In our time, the Otherworld shimmered in the books of our childhood, was luridly painted on the big screen and has become the haunt of digital realms. Yet at this moment it seems most distant, an abstraction. Maybe that distance has to do with the fading of the real world, the inability of imagined worlds to resurrect the myth of the living one. Certainly there are rhetorical and poetic challenges finding hints of the Other amid such damage; the doors themselves are burning, withering, decaying, flooding.

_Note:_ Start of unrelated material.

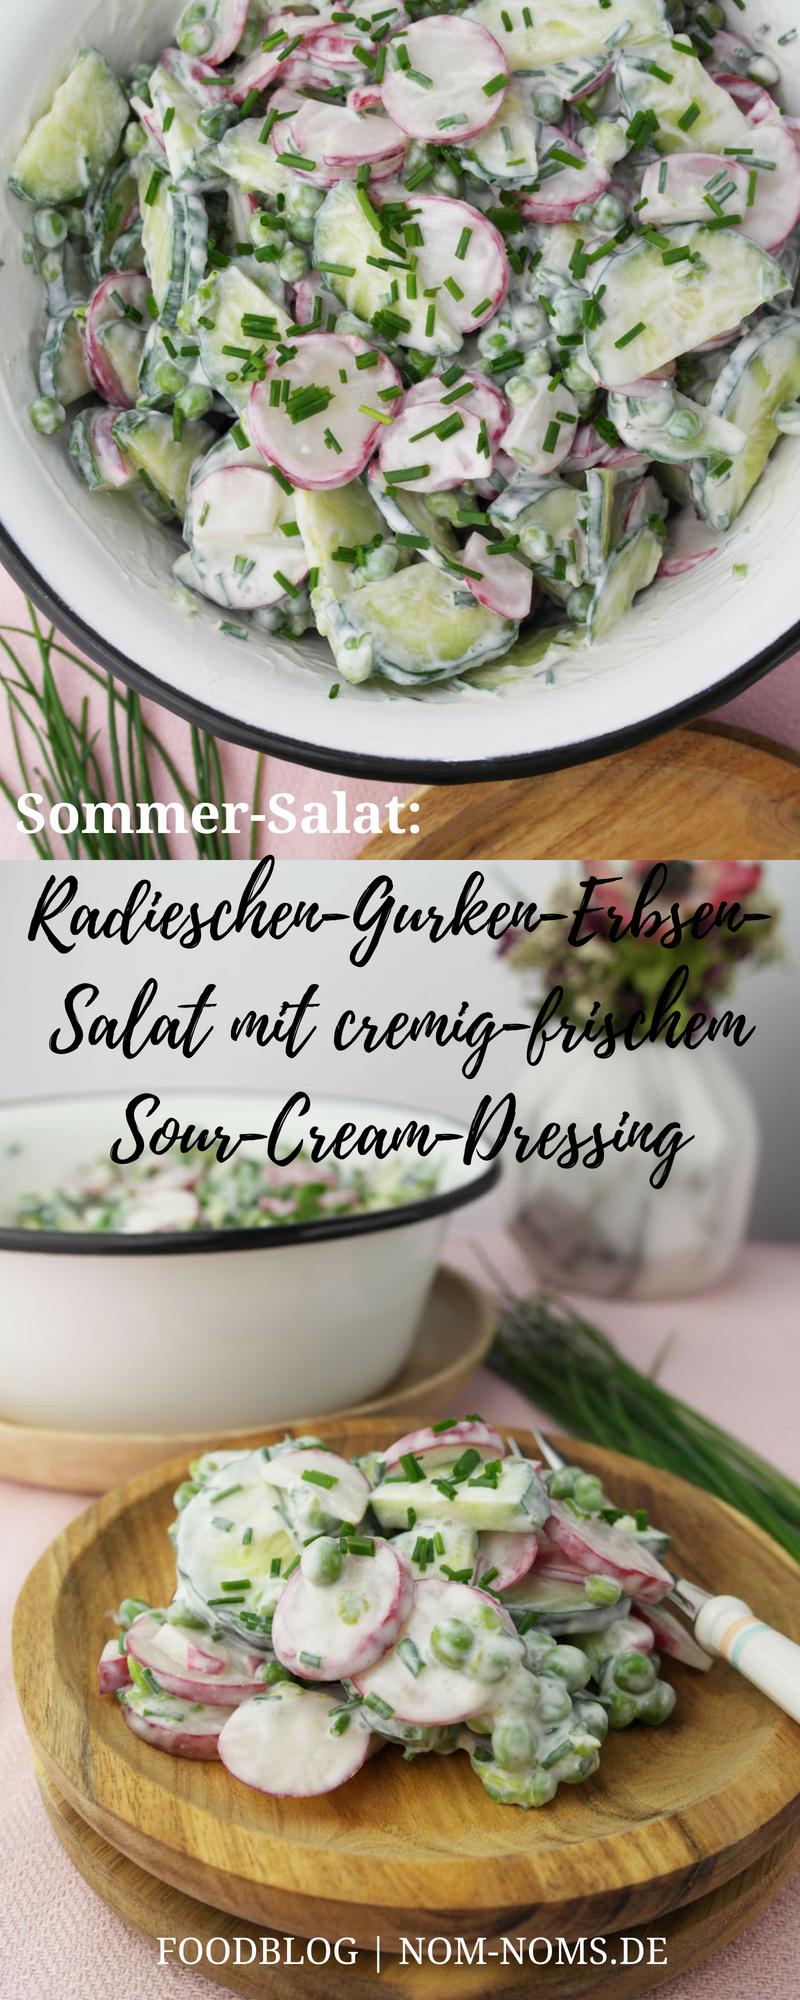 Radieschen-Gurken-Erbsen-Salat mit cremig-frischem Sour-Cream-Dressing #food

What does a voyage to the Otherworld come to mean in the Anthropocene? Our day is parallel to the late Medieval, where the voyage of a saint had no better luck finding the old Otherworld as discovering any new one. What echoes today do we hear in this  oem by the bishop-king of Cashel, Corma mac Cuilennain, who died in 908, as he contemplated a journey of penance on the sea:

Shall I go, O king of the Mysteries, after my fill of cushions and music, to turn
my face on the shore and my back on my native land?
Shall I cut my hand with every sort of wound on the breast of the wave
which wrecks boats?
Shall I leave the track of my two knees on the strand by the shore?
Shall I take my little black curragh over the broad-breasted, glorious ocean?
O king of the bright kingdom, shall I go of my own choice upon the sea?
Whether I be strong or poor, or mettlesome so as to be recounted
in tales, O Christ, will you help me when it comes to going upon the wild sea?

Shall we indeed? What help is there, in these immodest, shrinking and fuming times? Can we still hear the call, can Otherworld sails still trim, do islands still wait for us above the waterline across the main? And what does the Otherworld dream of a world such as we wander today? (Compare the Land Beneath the Wave to the Underground Railroad of America’s slave nightmare, now harrowingly transcribed from text to screen by Barry Jenkins.) Is ours a damaged redemption for which there can be no better the fate of the world?

In the Voyage of St. Brendan, St. Brendan and his companions come to an island of high cliffs with no entrance. Having circled the island for a number of days, they see a church, and hear the voices of people singing and praising God. A waxen tablet is lowered to them, bidding them to cease trying to enter the island, this is not the promised land (non ista tibi terra promissa). They leave the island, taking with them the tablet, which they used to read every day as if it had been sent to them by God.

The message Not Here is the sign of Heaven. The ruins of Eden is its very possibility.

I have used the medium of Irish myth, but voyages to the Otherworld are universal. Journey there this week from inside your own story-cycle, and report on the news you find there.